The Fourier Transformation that I made : $$ \Im(f(x))= \int_{-\infty} ^{\infty} f(x) e^{-i2\pi ux} dx = \int_{-\infty} ^{\infty} e^{i2\pi ax} e^{-i2\pi ux} dx = \int_{-\infty} ^{\infty} e^{-i2\pi x(u-a)} dx $$
And stuck here. I think it should be equal to $\delta(u-a)$, but how can I continue and show that?
On
First of all, your function is not integrable so you have to compute the Fourier transform in a distributional sense. On the other hand, for any function $\varphi$ in the Schwartz space we can apply the definition of distributional Fourier transform and the inversion formula to get
$$\mathcal{F}(e^{2\pi iax})(\varphi)=\int_\mathbb{R} e^{2\pi iax}\mathcal{F}(\varphi)(x)dx=\varphi(a)=\delta_a \left(\varphi\right)$$.
Then $\mathcal{F}(e^{2\pi iax})=\delta_a$ as distributions.

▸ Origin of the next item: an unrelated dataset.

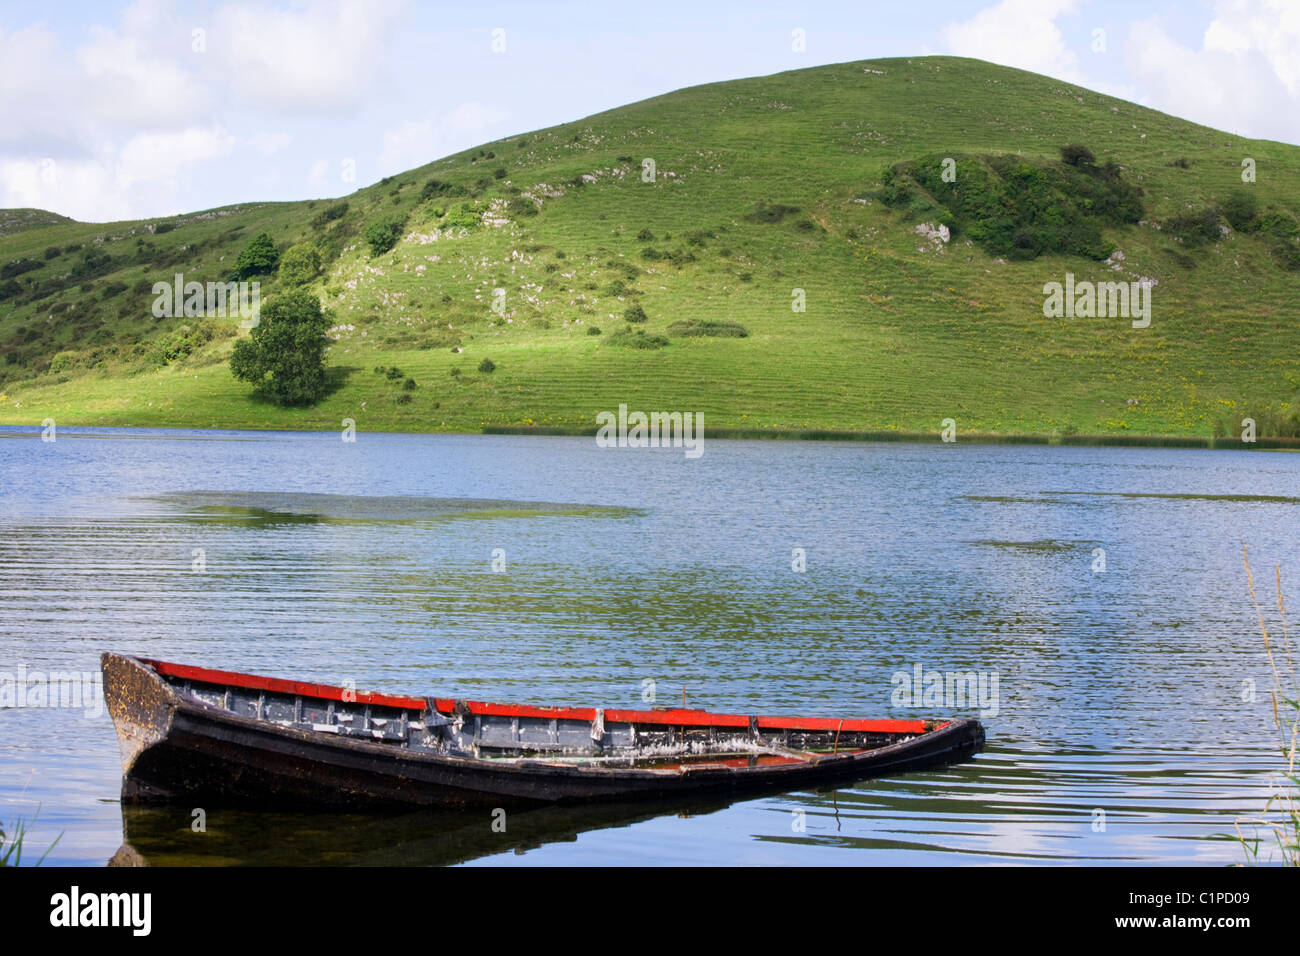 Republic of Ireland, County Limerick, sinking rowing boat on Lough Gur Stock Photo

We know that \begin{equation} \int_{-\infty}^{\infty} \delta(u-a) e^{2 \pi u x} du = e^{2 \pi a x} = f(x) \end{equation} So $F(u) = \delta(u-a)$ is the Fourier transform, i.e. \begin{equation} \int_{-\infty}^{\infty} f(x) e^{-2 \pi u x} dx = \delta(u-a) \end{equation}